Druty, klamry i napinacze cz.2

Podczas pierwszego formowania bonsai z dziczki owijamy drutem wszystkie gałęzie, aż do najdrobniejszych ich części. Żadna gałąź nie powinna się krzyżować z innymi. W końcu formujemy i ustawiamy gałąź po gałęzi.

Owijanie drutem nie służy do dekoracji drzewka, lecz tylko do polepszania i nadawania kształtu. Owiniętych drutem bonsai nie powinniśmy wystawiać na widok publiczny.

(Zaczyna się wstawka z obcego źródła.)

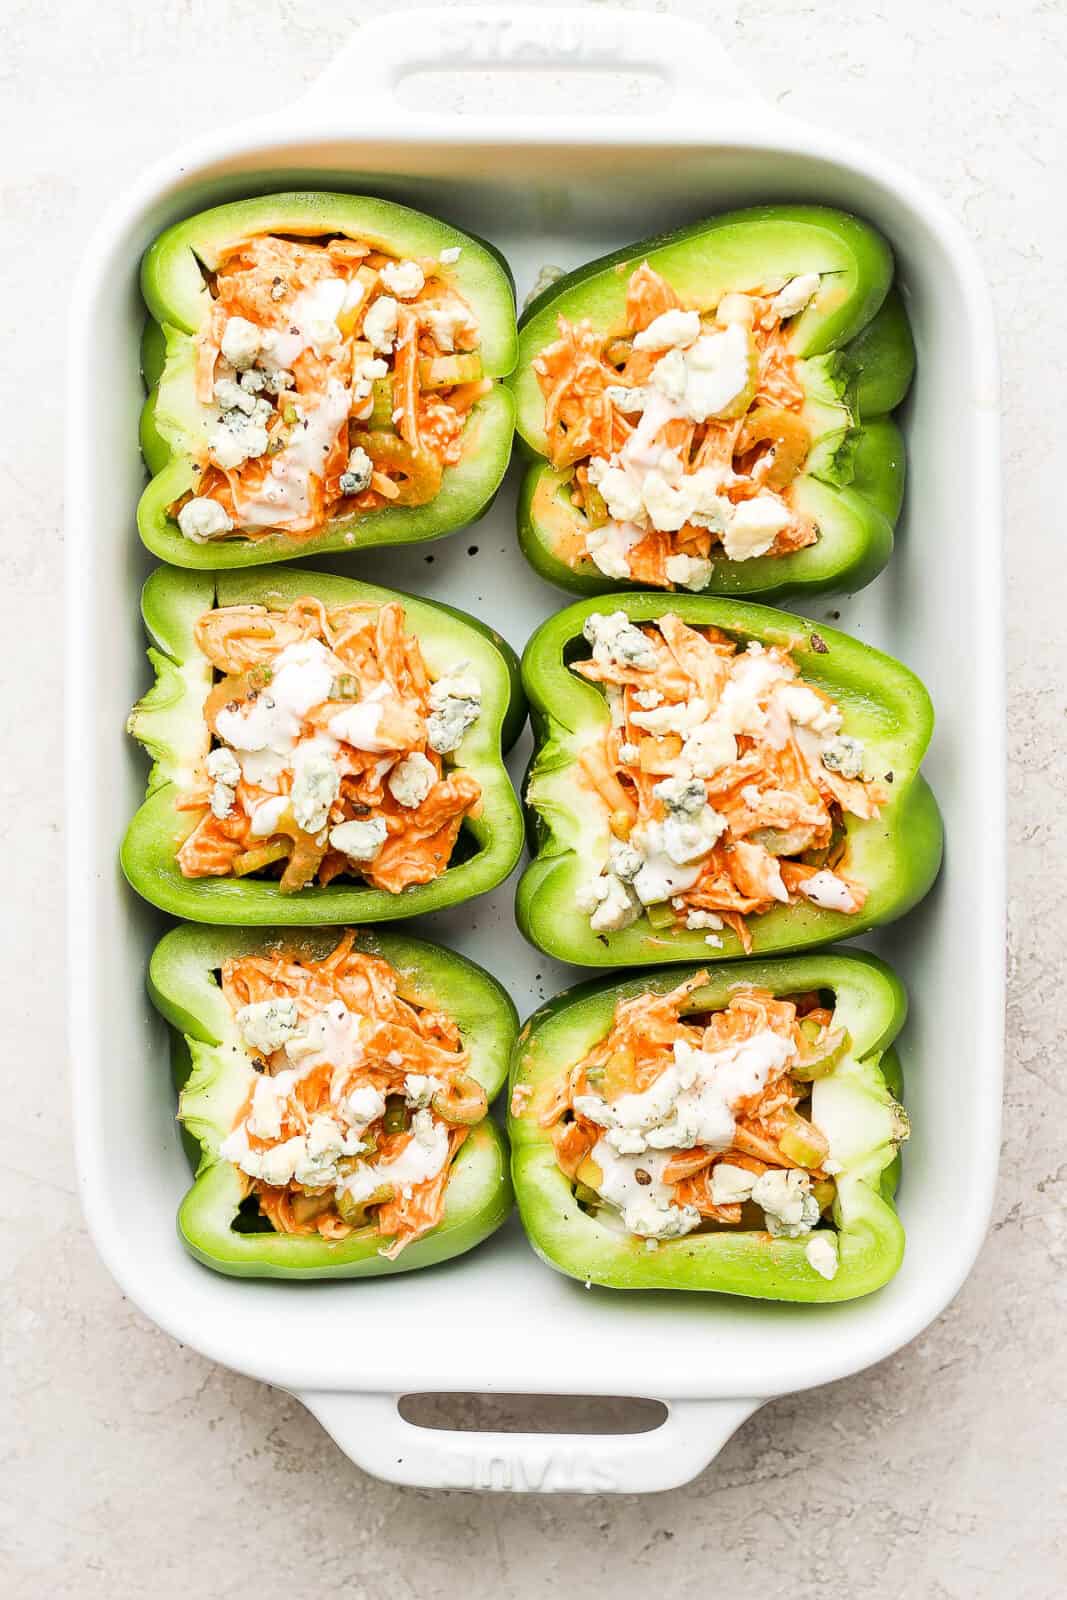 The stuffed peppers in a baking dish.

Klamry z drutu zakładamy tam, gdzie owijanie drutem już się na nic nie zda, na przykład na sztywnych gałęziach lub pniach. Przy pniu wielokrotnym za pomocą drucianej klamry można poszczególne pnie ukierunkowywać i korygować. Do takiego zabiegu potrzeba dużo siły. W tym wypadku trzeba regularnie sprawdzać, czy drut nie wrasta i od czasu do czasu przestawiać klamry. Aby oszczędzić korę drzewa, podkładamy pod klamry kawałki skórki.

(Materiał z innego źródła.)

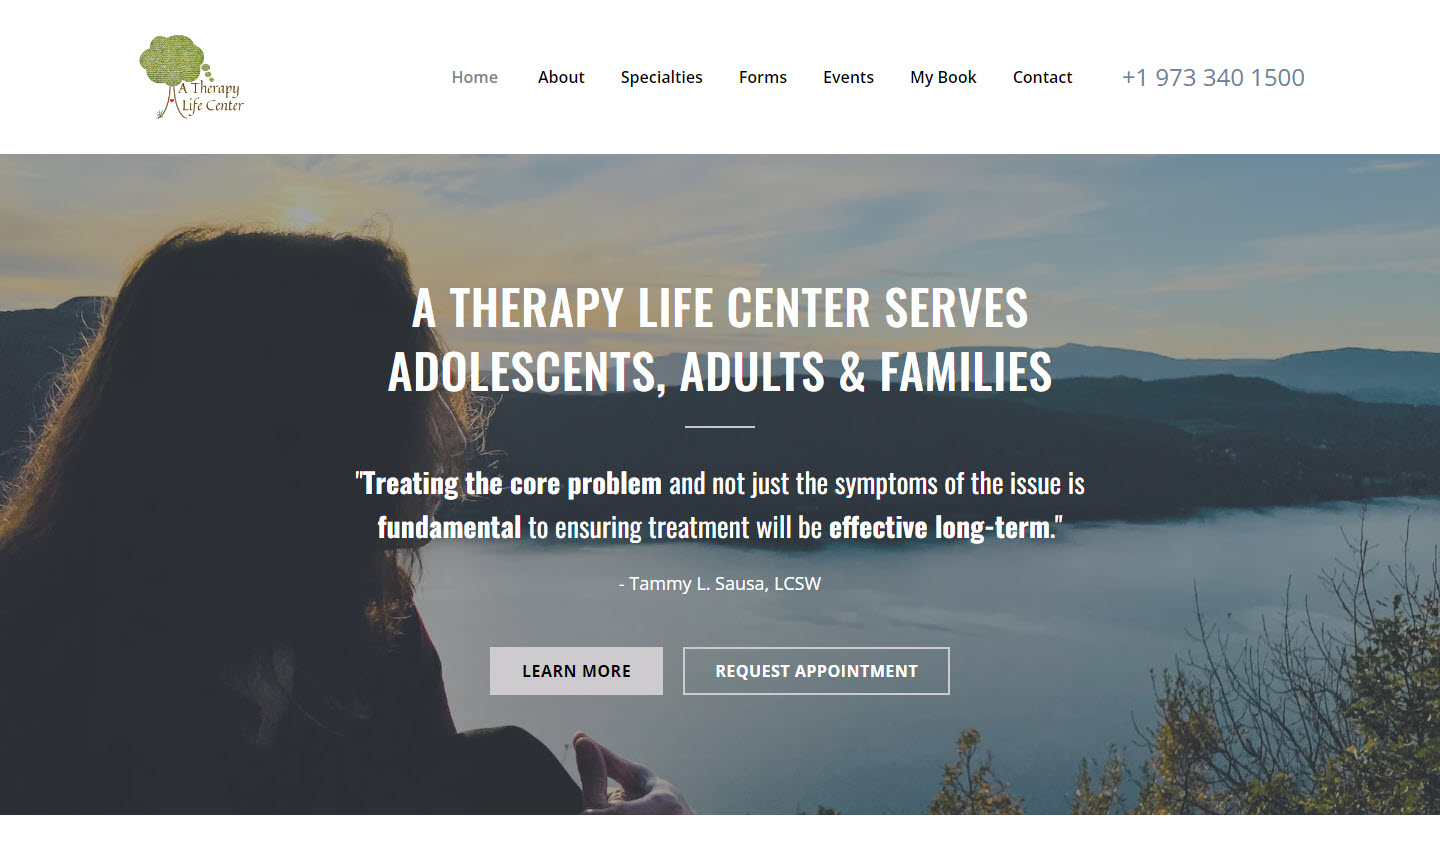 A Therapy Lie Cetner Serves Adolescents, Adults & Families

Odciąganie gałęzi ma sens wówczas, gdy nie da się ich owijać drutem. Naturalnie, odciąganie gałęzi nie jest tak skuteczne jak owijanie drutem. Złą stroną tej metody jest to, że w ten sposób można gałąź formować tylko w jednym kierunku, technika ta stosowana jest głównie tam, gdzie gałęzie wystają ku górze i trzeba je pociągnąć ku dołowi. Potrzeba trochę czasu i doświadczenia na to, żeby odpowiednio operować drutem. Dlatego warto ciągle ćwiczyć owijanie nim drzewek i ich formowanie. Tylko przez regularny trening nabieramy odpowiedniej wprawy.